=== EXERCISE INSTRUCTIONS ===
Only the pictures are to be left out; return the rest of the data exactly as it stands.

=== INPUT MATERIAL ===
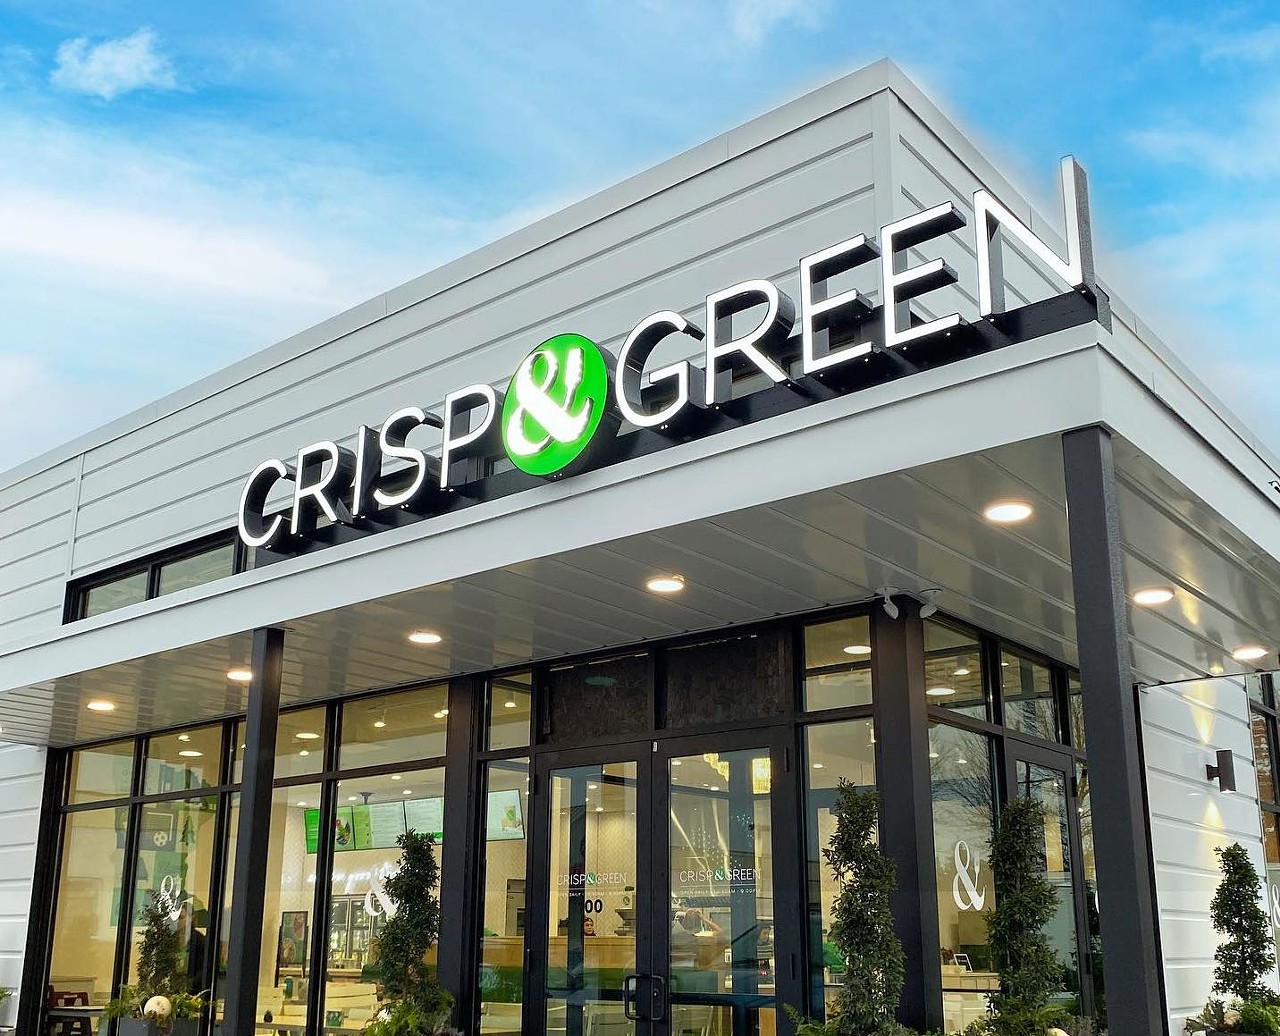 Crisp & Green  
Multiple locations
To accommodate its growing population of young urban professionals, Tampa Bay is a prime location for this fast-casual spot. This health-forward Minnesota-based chain is all about bowls. From salads to acai, Crisp & Green has something for everyone. According to their website, there are three locations expected to open up in the Tampa Bay Area.
Photo via Crisp & Green/Facebook
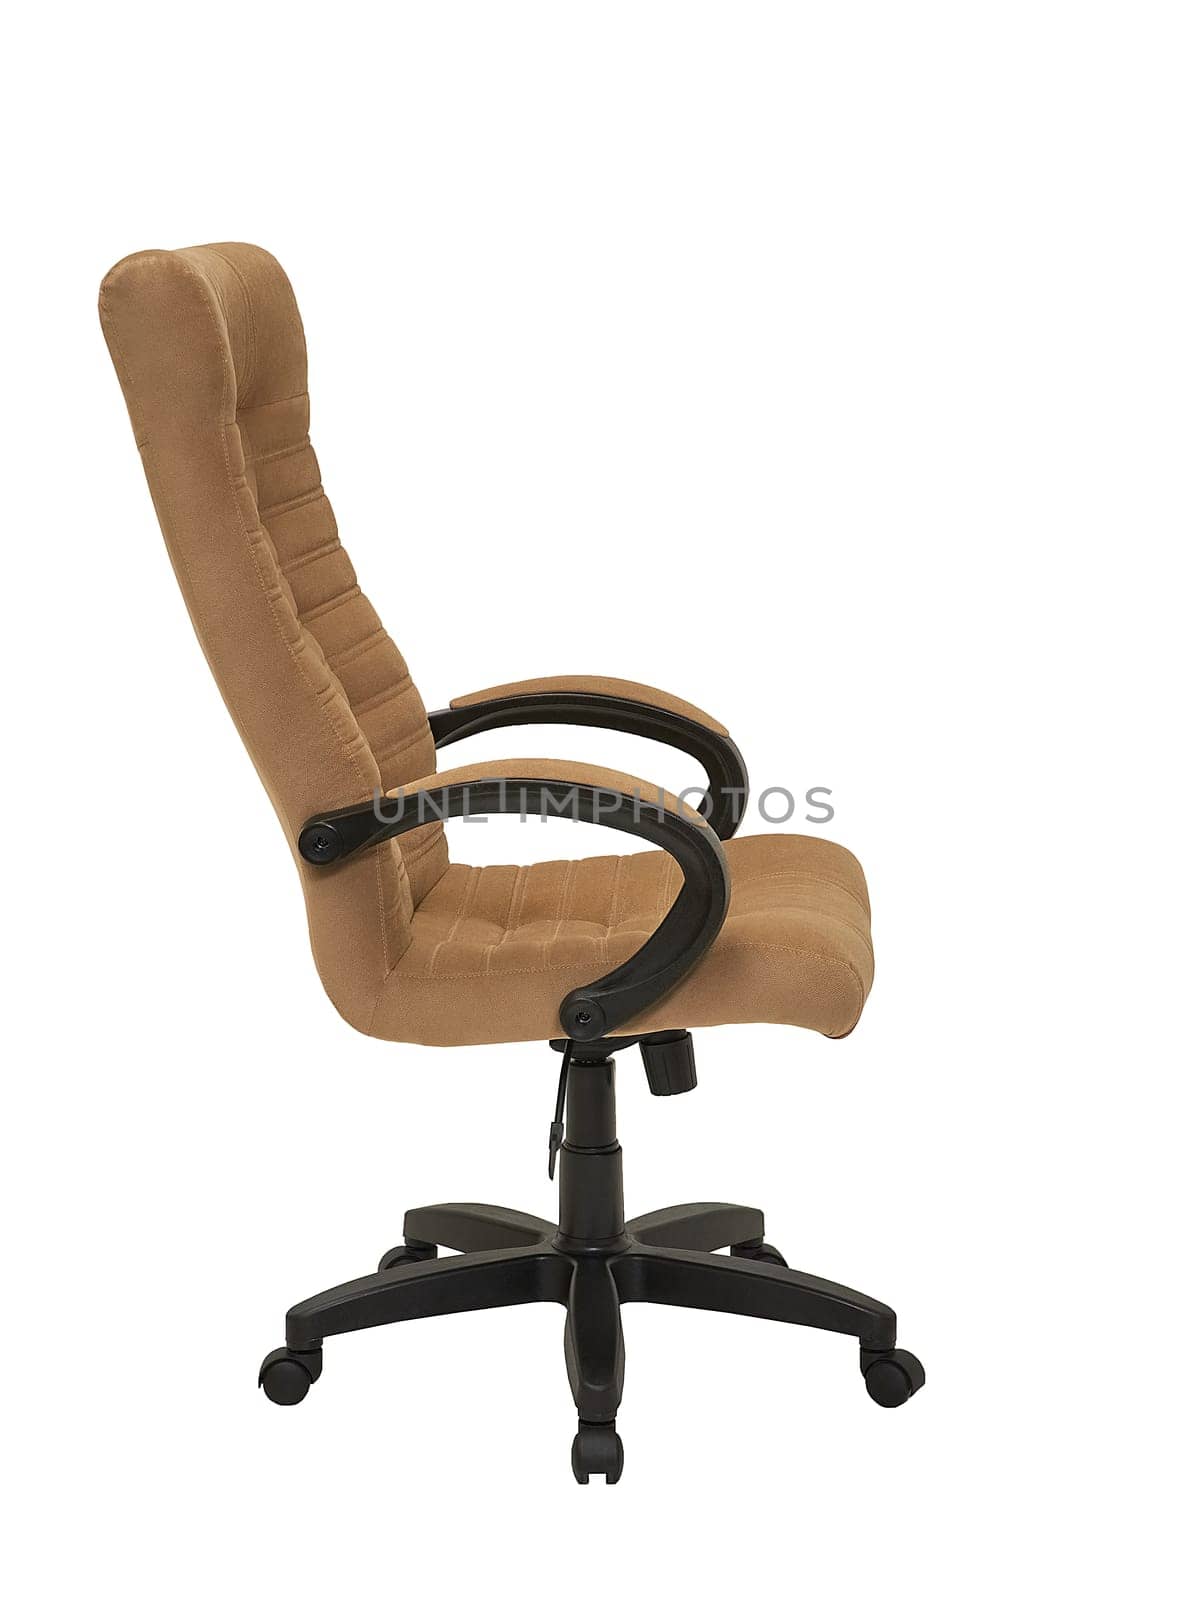 beige office fabric armchair on wheels isolated on white background, side view. modern furniture, interior, home design

=== THE COMPLETED TASK ===
 Crisp & Green  
Multiple locations
To accommodate its growing population of young urban professionals, Tampa Bay is a prime location for this fast-casual spot. This health-forward Minnesota-based chain is all about bowls. From salads to acai, Crisp & Green has something for everyone. According to their website, there are three locations expected to open up in the Tampa Bay Area.
Photo via Crisp & Green/Facebook
 beige office fabric armchair on wheels isolated on white background, side view. modern furniture, interior, home design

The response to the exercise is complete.